Wall of Shelter Ventures agrees with the notion that Internet concept deals are pretty much a thing of the past.

"Today, two guys with a great idea about how to do Chairs.com if they don't manufacture chairs, if they're not from the chair industry won't have a chance," he said. "Back-of-the-napkin ideas are over. The reality is, it is all about execution. We are proactive about finding and building businesses. We want people who have already left their jobs, have used their savings and announced their intentions to start their own companies. What we want is having people who come up with the idea run with it, because they own the idea."

Another problem with incubators is that they are often started by successful entrepreneurs who have become very wealthy thanks to the New Economy, and are convinced they can create the same success with other enterprises. But starting your own e-business and selling it is one thing. Funding and providing management expertise for someone else's business is another.

"I have seen two entrepreneurs who created a dot-com once calling themselves incubators, and they have no (institutional) funding and no credibility," said Orion of the Pacific Incubation Network. "There are quite a few opening or about to open who have a lot of credibility. But you have to look at what are their credentials."

You say tomato

Many feel the word "incubator" is becoming outdated, and as a result is being replaced with such terms as "accelerator," to describe the process of moving the entrepreneur along at a faster but better-managed pace in building a business. A firm recently put together by sports agent Leonard Armato, called Digital Media Campus, puts together entrepreneurs for sports-related Internet ventures under the same roof.

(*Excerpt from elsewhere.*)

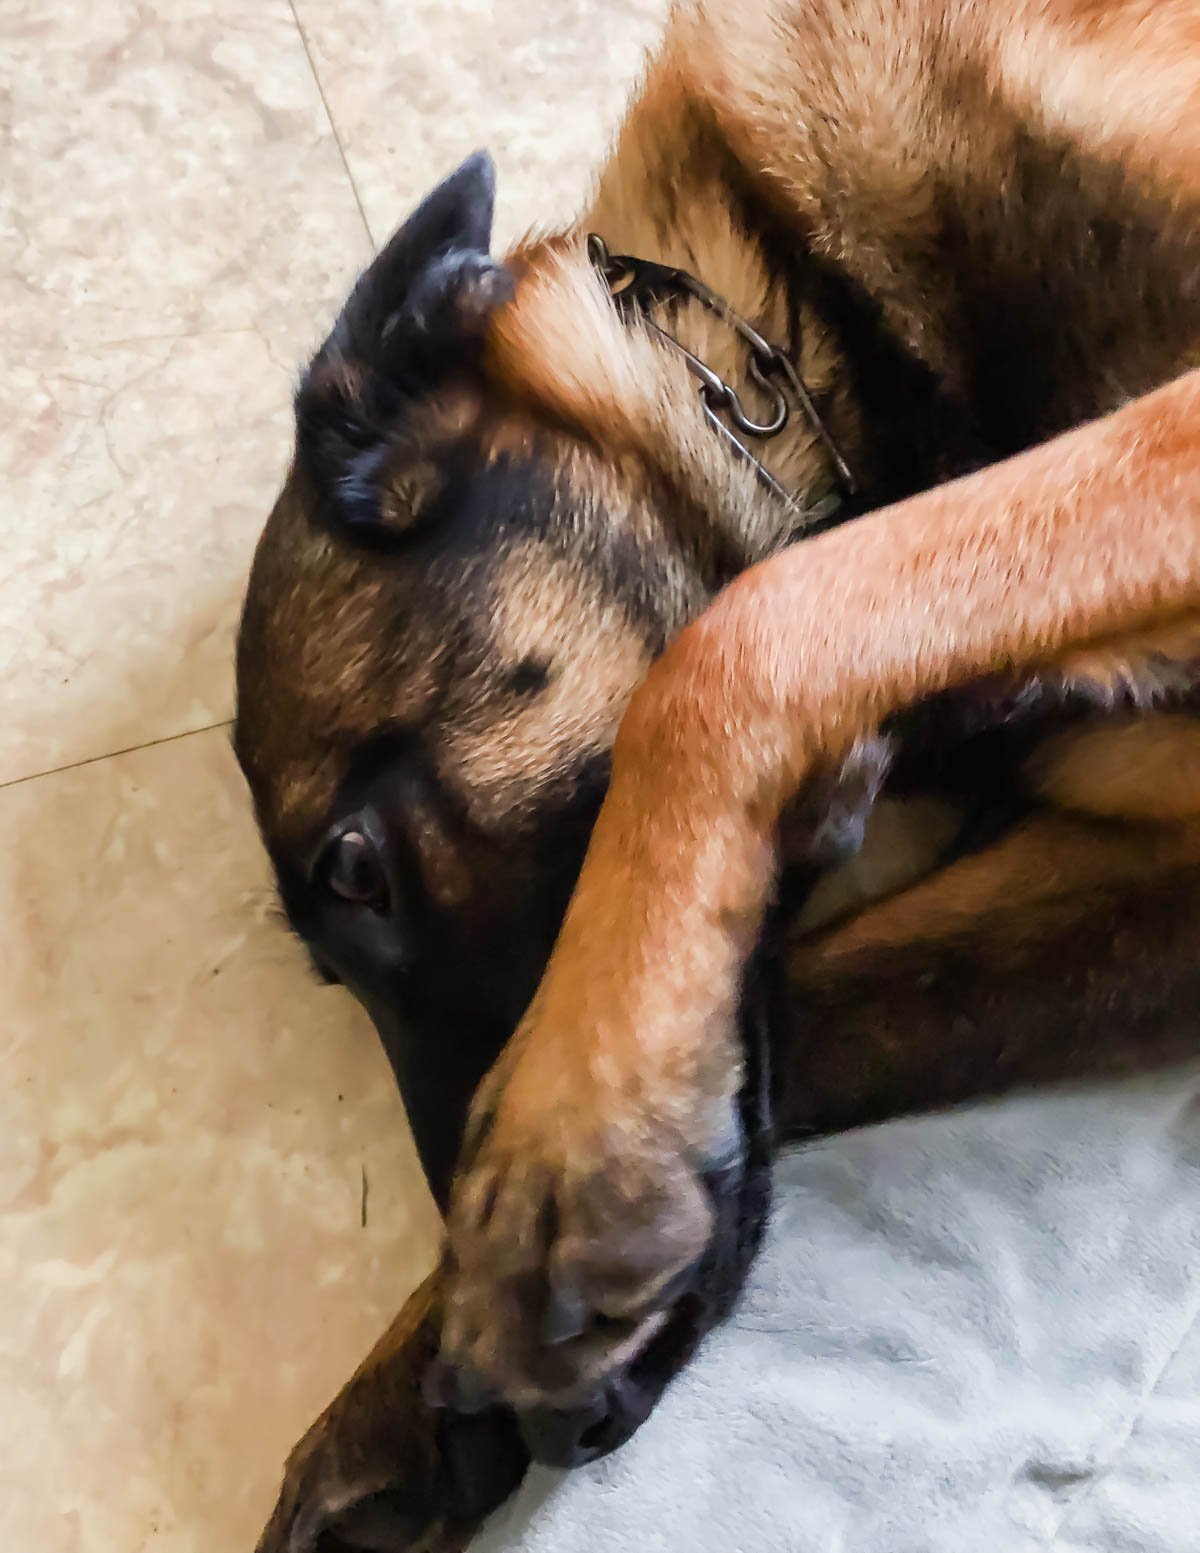 Belgian malinois laying on floor covering nose with paw.
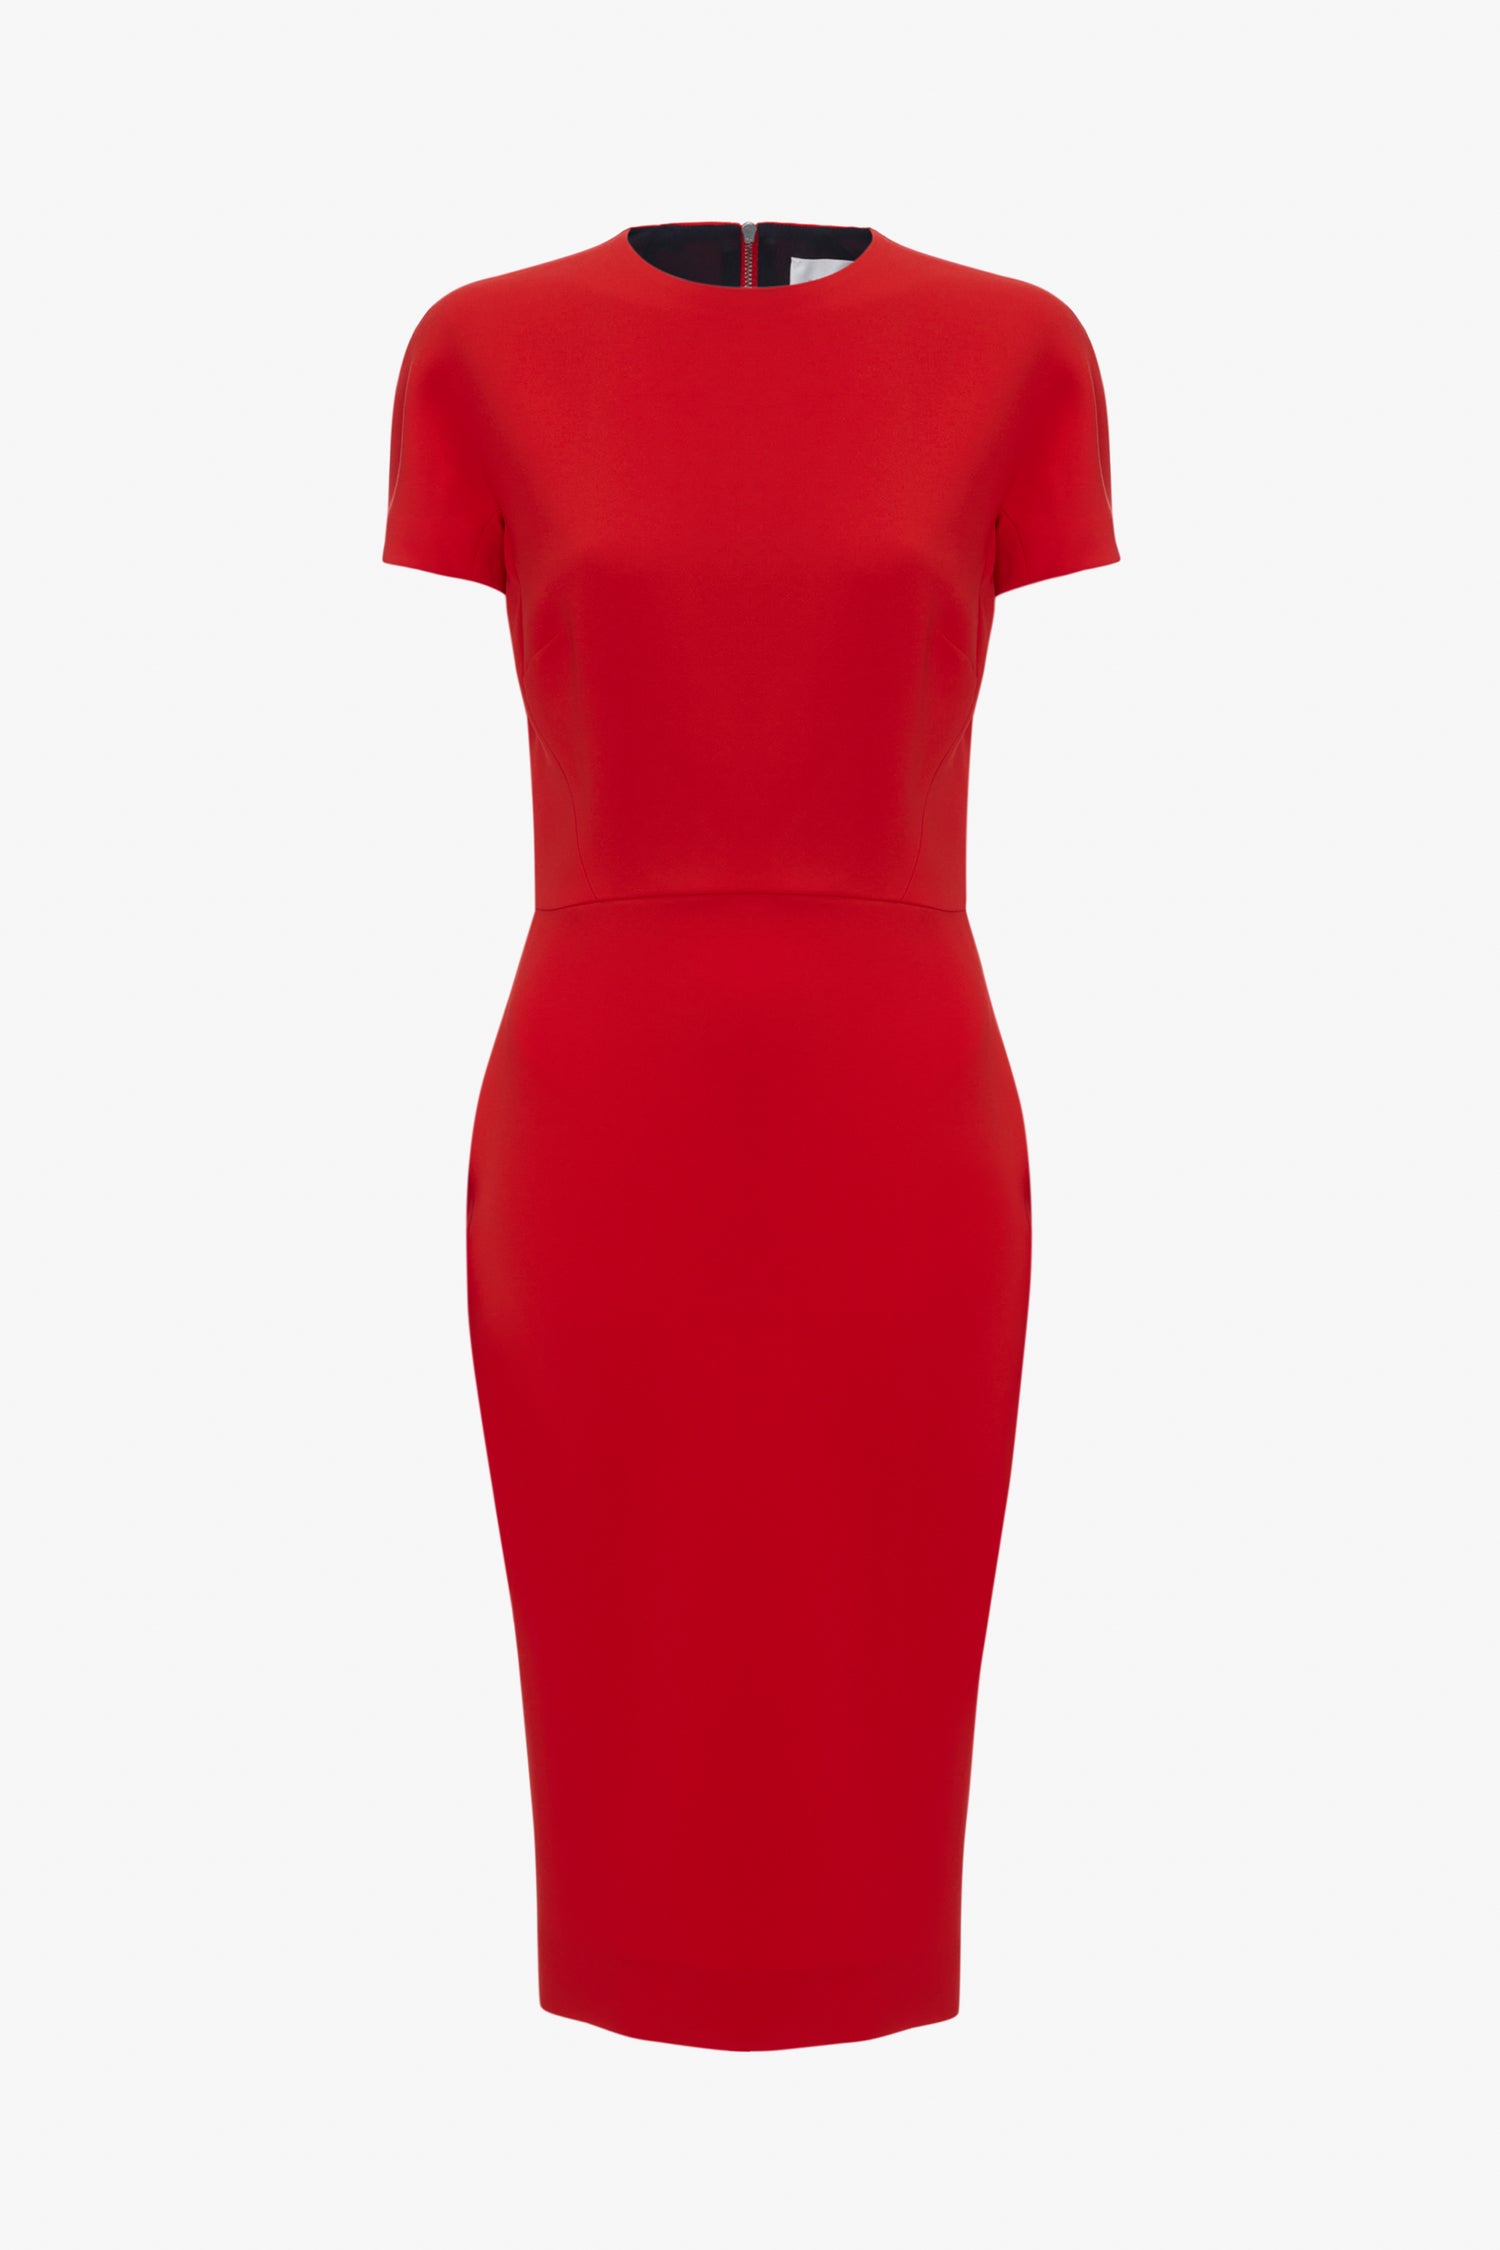 Victoria Beckham's bright red knee-length fitted T-shirt dress with short sleeves and a round neckline, isolated on a white background.

"We don't call it an incubator, we're calling it a campus," Armato said. "It's an evolved strategy; we're putting together all the resources and education necessary."

No matter what it's called, Armato's group may have some problems fighting for brand recognition in the growing incubator/accelerator/campus field, because there are already two others using similar names. KPMG Peat Marwick has started an entity dubbed Digital Media Business Incubator. The manager of that incubator left in January to form her own venture called Digital Media Incubator.

"There is a certain amount of packaging going on," said David Cutbill, a partner in the L.A. office of Arthur Andersen who has worked with many of the local incubators in business development strategies. "So many incubators are occupying the same space."

It is a sign of the times that Idealab no longer uses the word to describe itself. The company declined to comment, citing "quiet period" restrictions surrounding its own pending $300 million IPO. But in filings with the Securities and Exchange Commission, Idealab describes itself as "a new form of enterprise that creates, builds and operates businesses."

While Idealab garners praise for doing just that and for capturing a significant chunk of various online niches before anyone else did, there are doubts about the long-term future of its startups.

"I can't think of one (Idealab hatchling) that I'm sure will be around in five years," said a prominent local venture capitalist. "None of them have unique proprietary technology that has a competitive advantage."

Not to say that eToys, or Business.com, or any other of the locally incubated companies don't have a chance. But the jury is definitely still out.

"The quality of concept deals that will come out of incubators will vary," Redpoint's Jones said. "But with a concept deal, you better be there first."

And you better have plenty of cash to burn.